# [Task objective]
Since the records include pictures, leave those out while you reproduce exactly and only the lines from the one containing "Edradour 2006 SV" through the one containing "Featuring a single, elongated", inclusive.
Top of Record excerpts
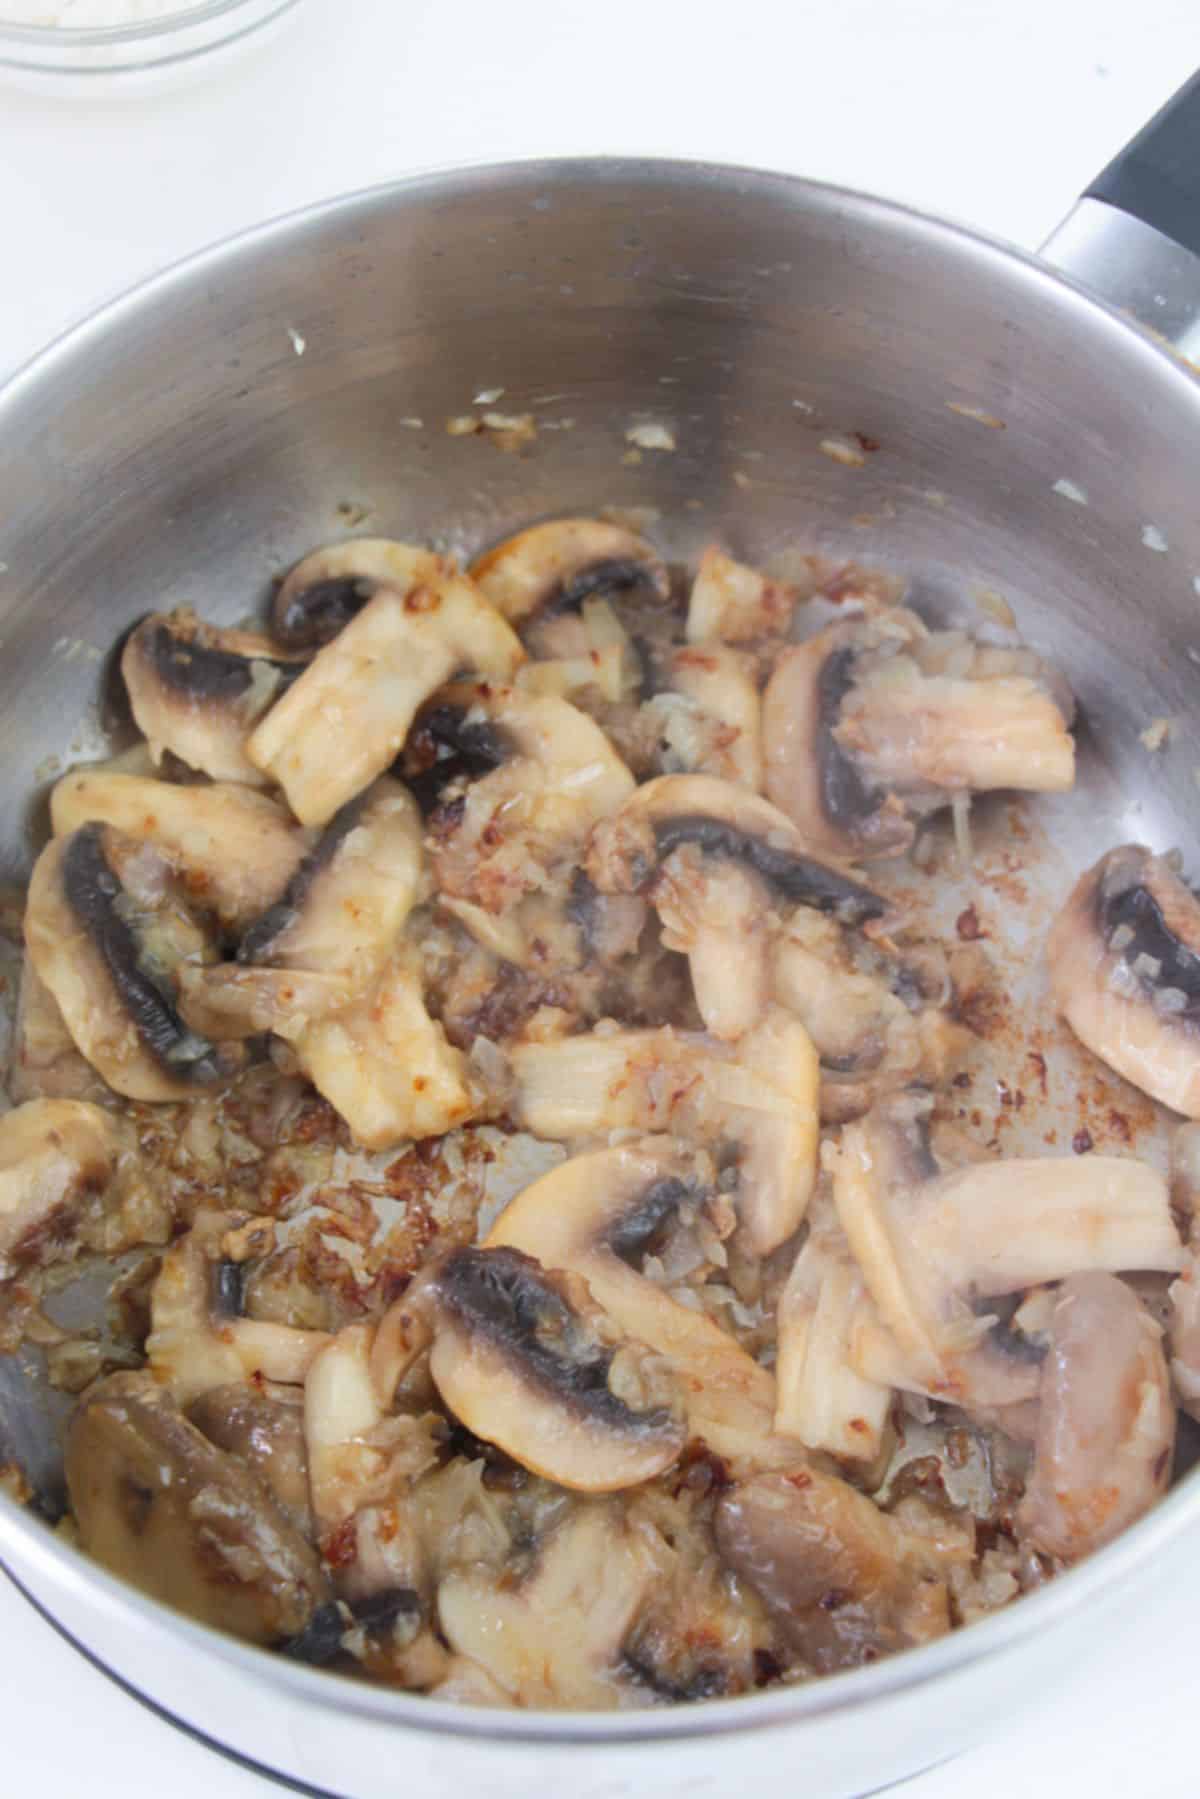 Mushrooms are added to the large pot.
Bottom of Record excerpts
Top of Record excerpts
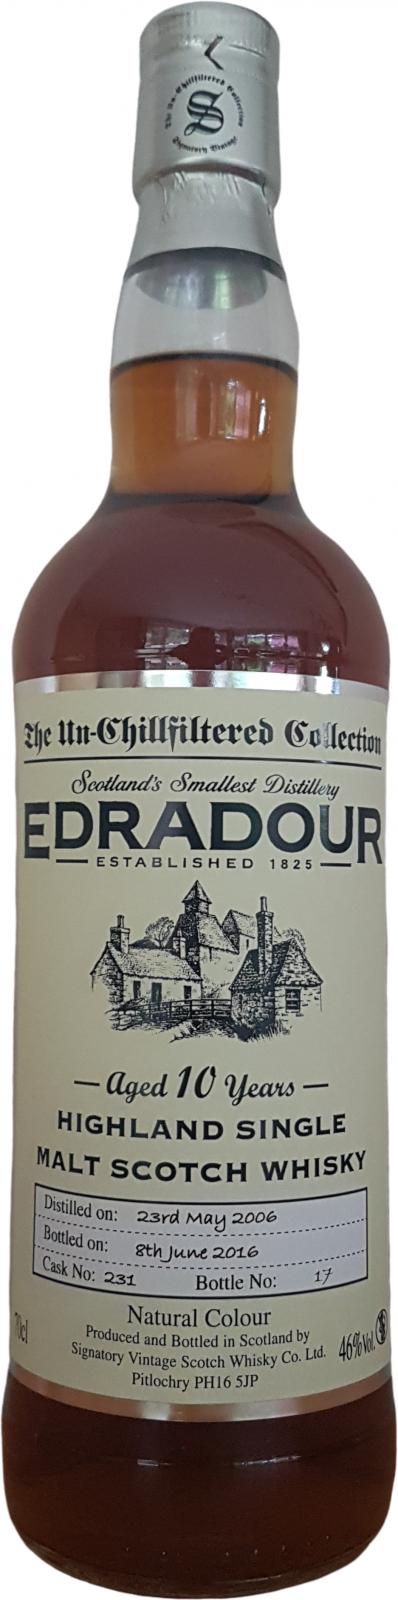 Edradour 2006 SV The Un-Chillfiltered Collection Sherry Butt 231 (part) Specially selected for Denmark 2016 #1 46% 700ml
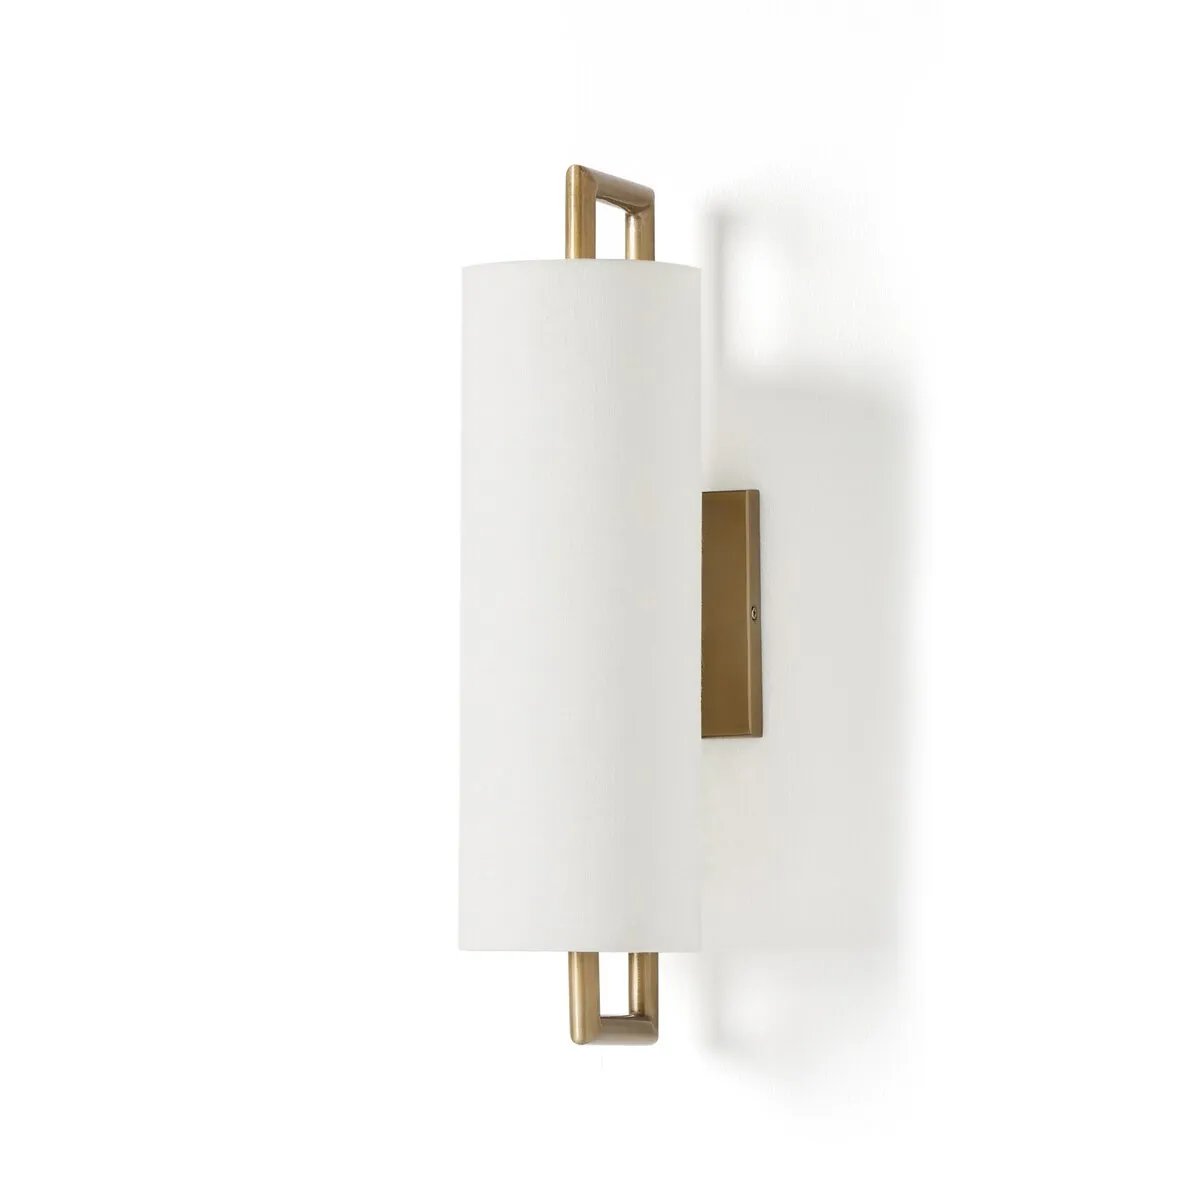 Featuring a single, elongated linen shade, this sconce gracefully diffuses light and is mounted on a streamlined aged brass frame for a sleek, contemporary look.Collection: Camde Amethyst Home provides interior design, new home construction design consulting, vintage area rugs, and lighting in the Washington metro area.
Bottom of Record excerpts
# [Result of this exercise]
 Edradour 2006 SV The Un-Chillfiltered Collection Sherry Butt 231 (part) Specially selected for Denmark 2016 #1 46% 700ml
 Featuring a single, elongated linen shade, this sconce gracefully diffuses light and is mounted on a streamlined aged brass frame for a sleek, contemporary look.Collection: Camde Amethyst Home provides interior design, new home construction design consulting, vintage area rugs, and lighting in the Washington metro area.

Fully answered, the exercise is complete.